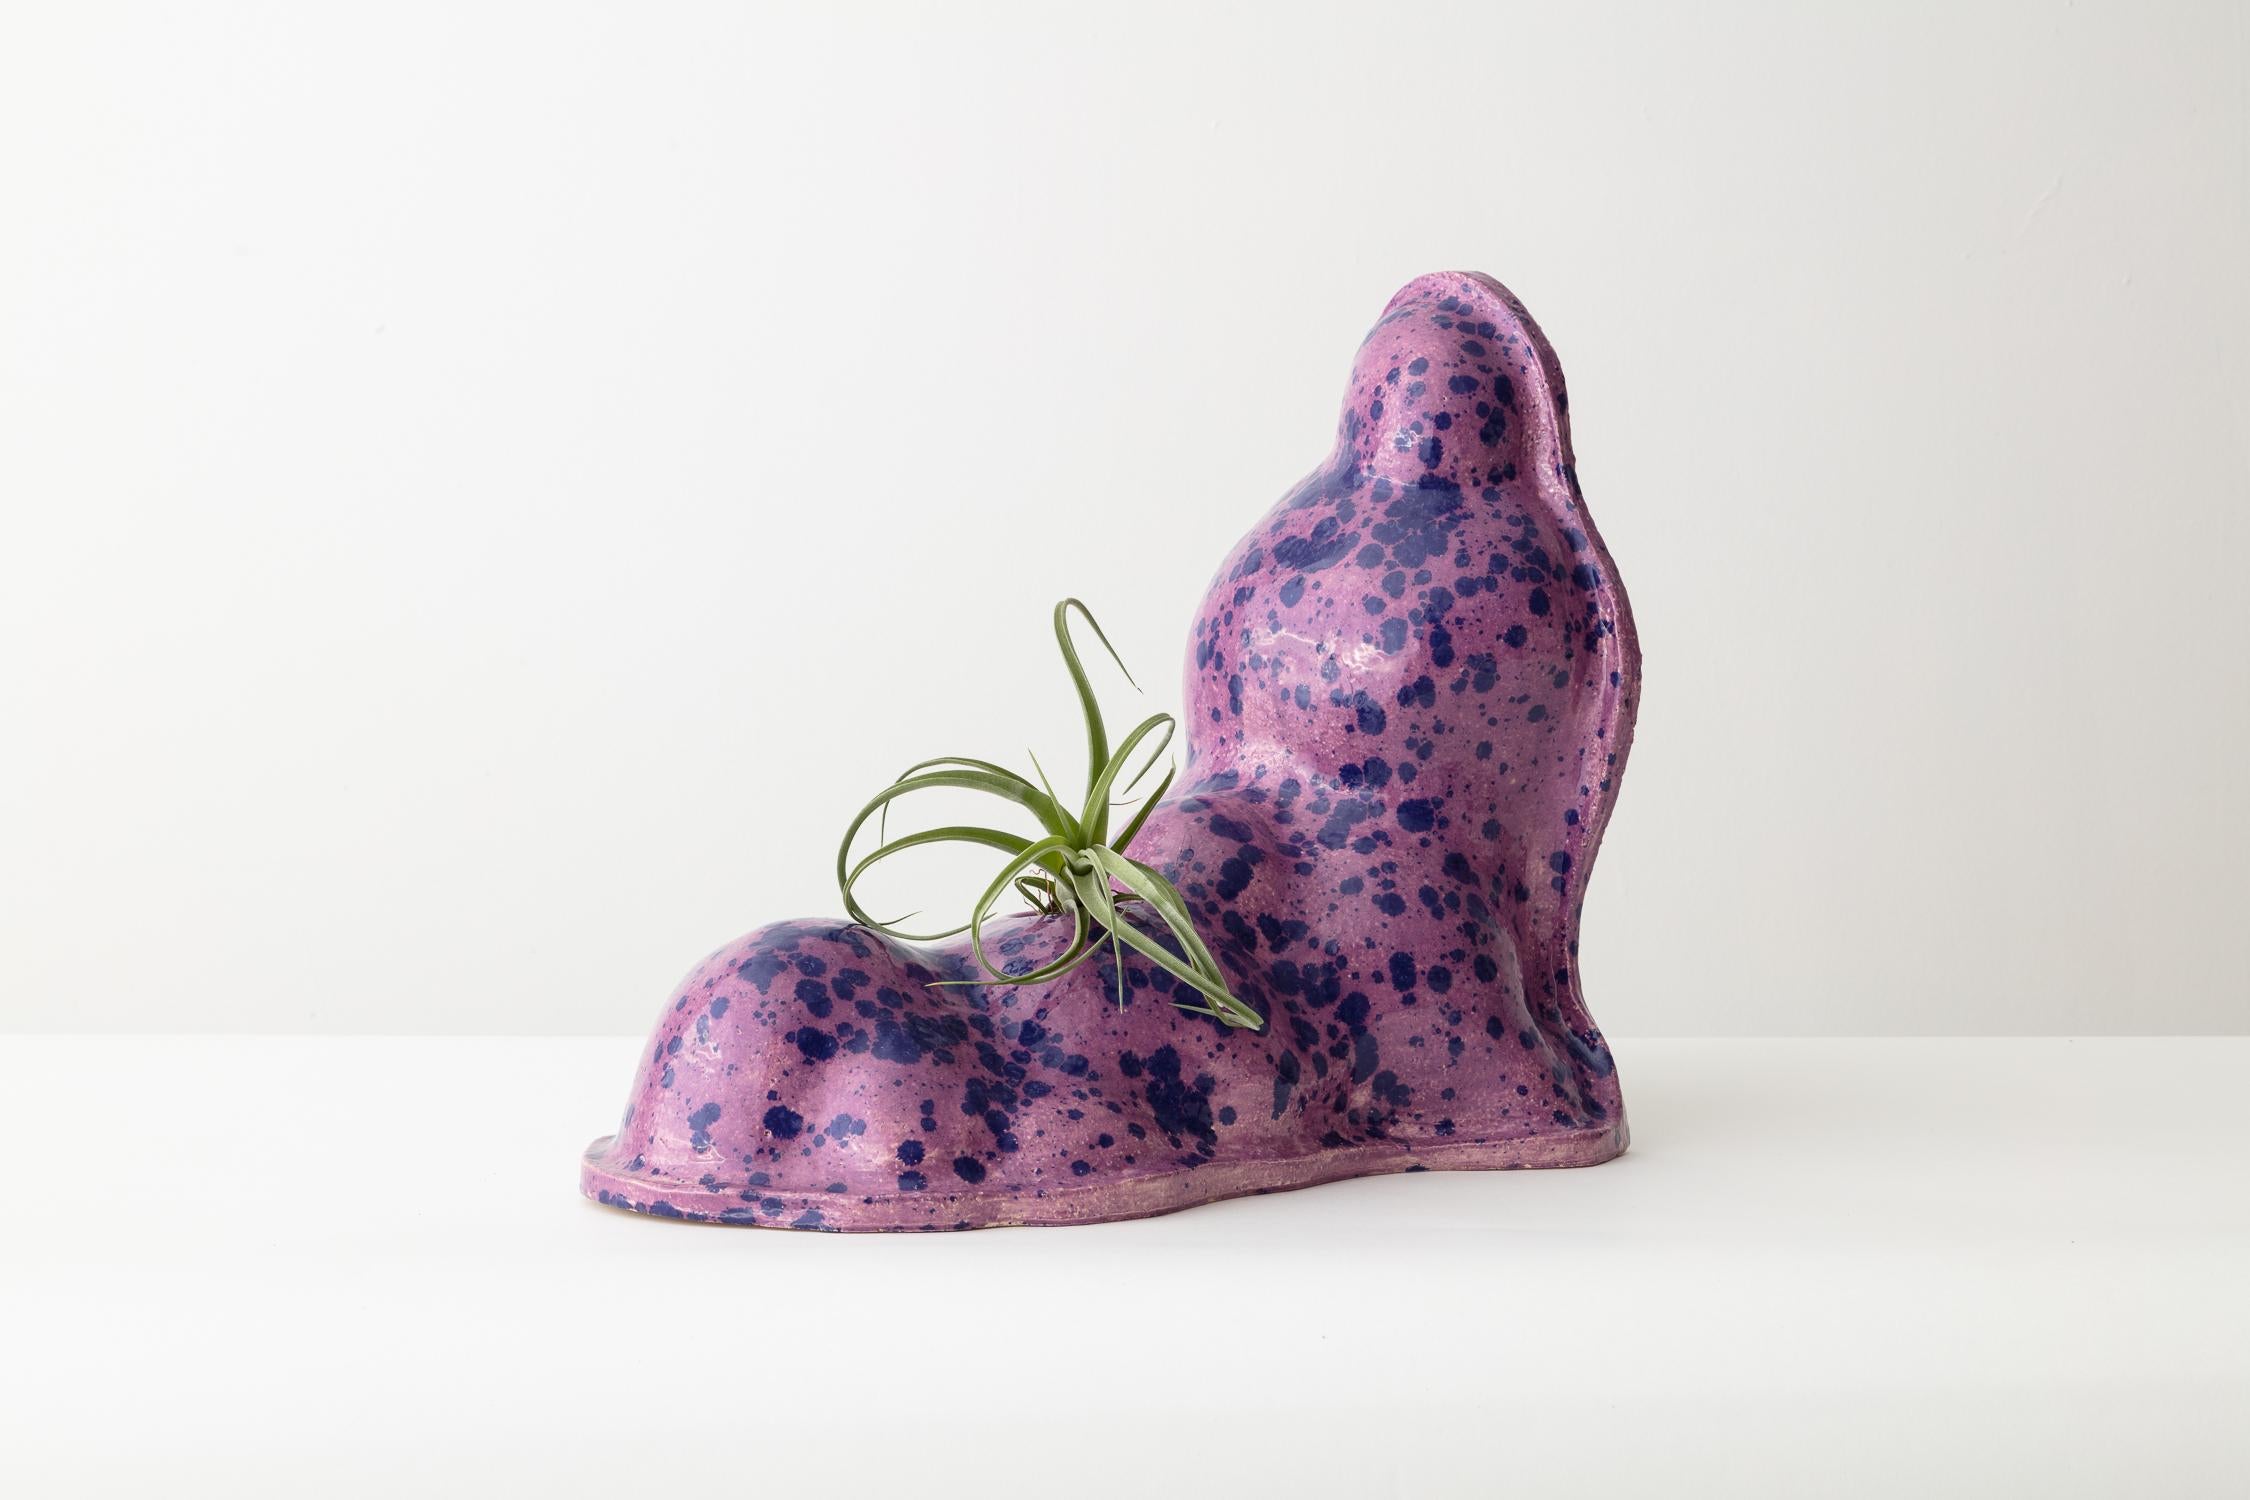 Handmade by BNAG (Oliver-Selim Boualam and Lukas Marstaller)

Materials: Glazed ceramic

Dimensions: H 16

...

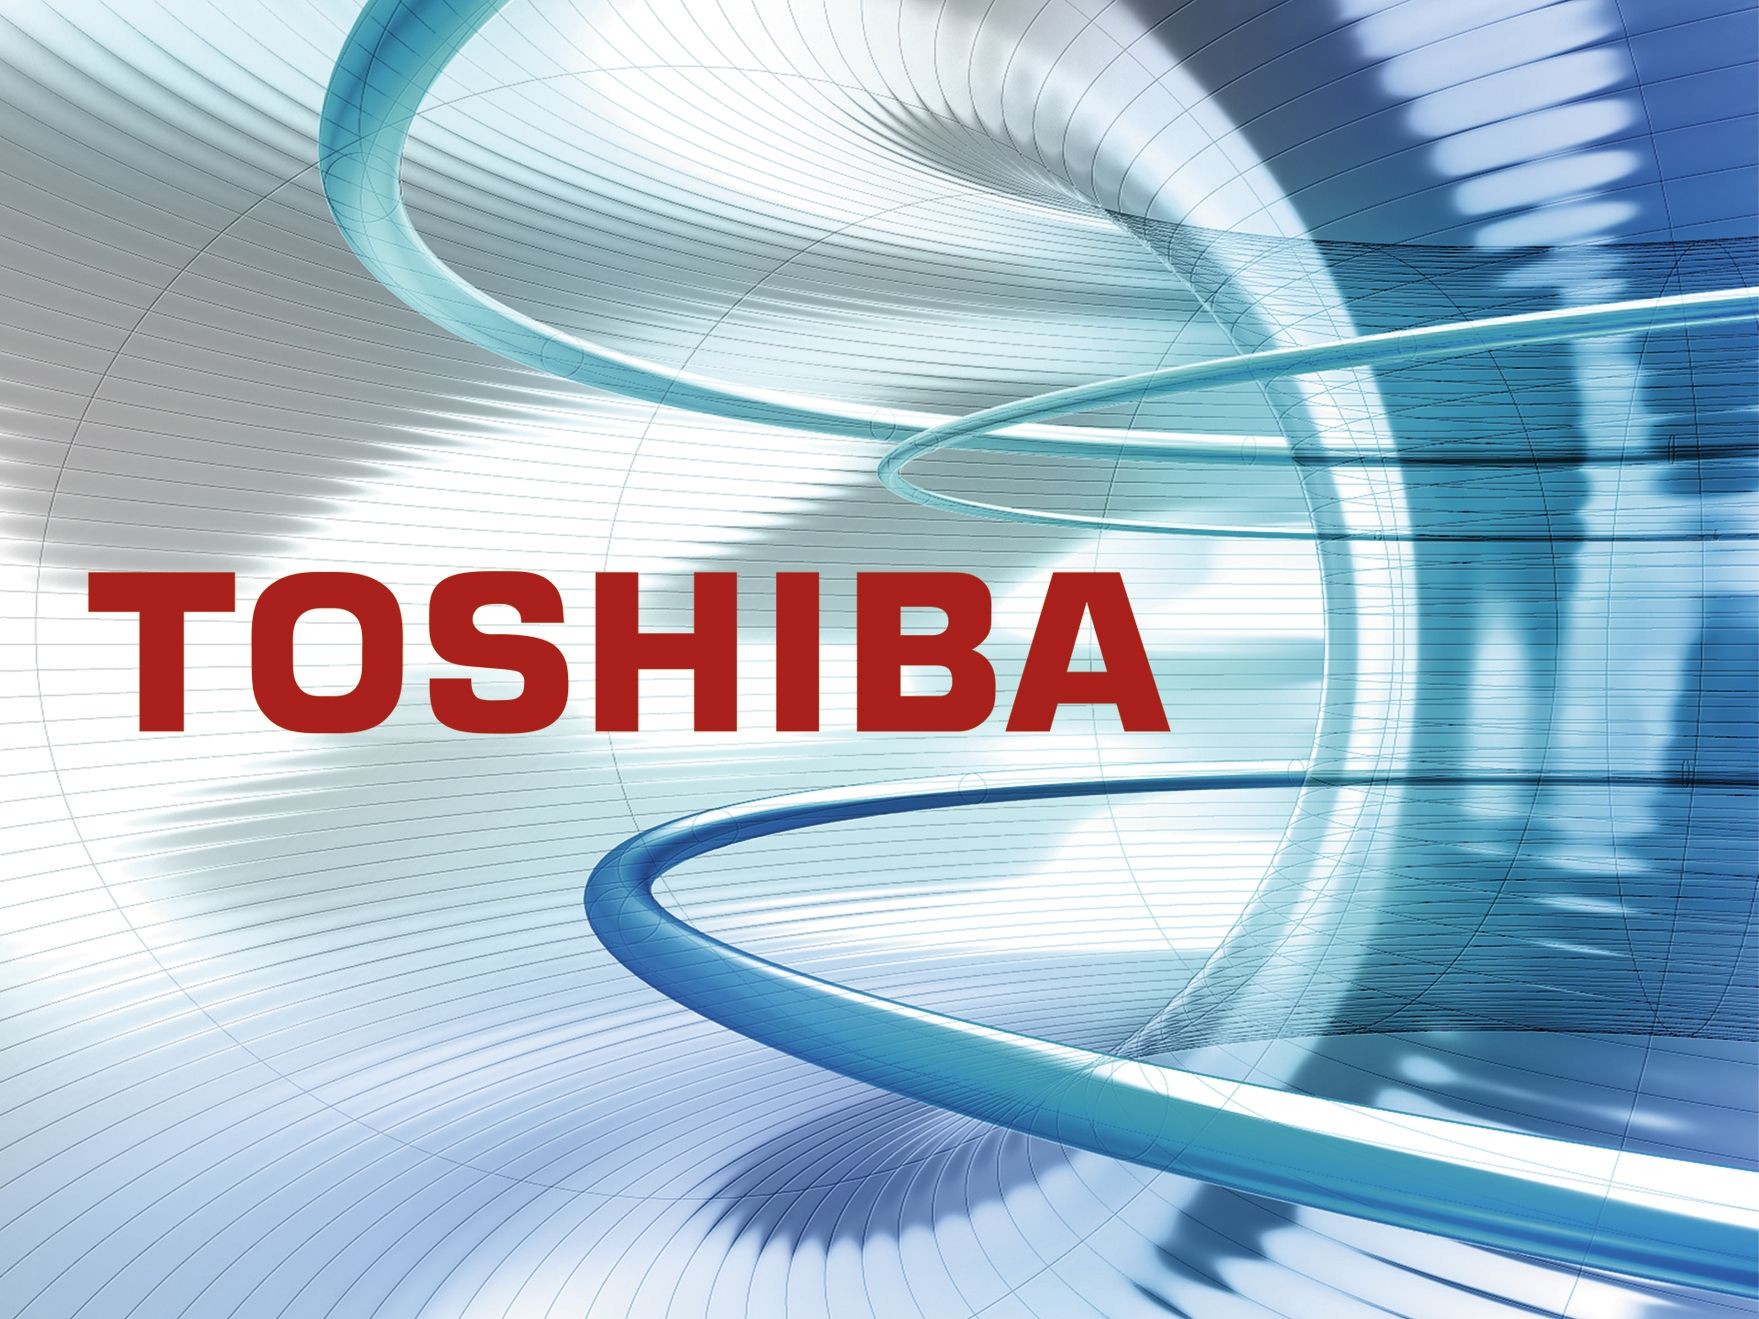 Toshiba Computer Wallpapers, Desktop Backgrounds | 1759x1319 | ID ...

==

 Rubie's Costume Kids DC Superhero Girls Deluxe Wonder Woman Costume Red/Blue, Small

= TRY IT =
The material above holds pictures; leave them out. Repeat exactly the lines from the one containing "Handmade by BNAG" through the one containing "Dimensions: H 16", and nothing else.

= PROBLEM SOLUTION =
 Handmade by BNAG (Oliver-Selim Boualam and Lukas Marstaller)

Materials: Glazed ceramic

Dimensions: H 16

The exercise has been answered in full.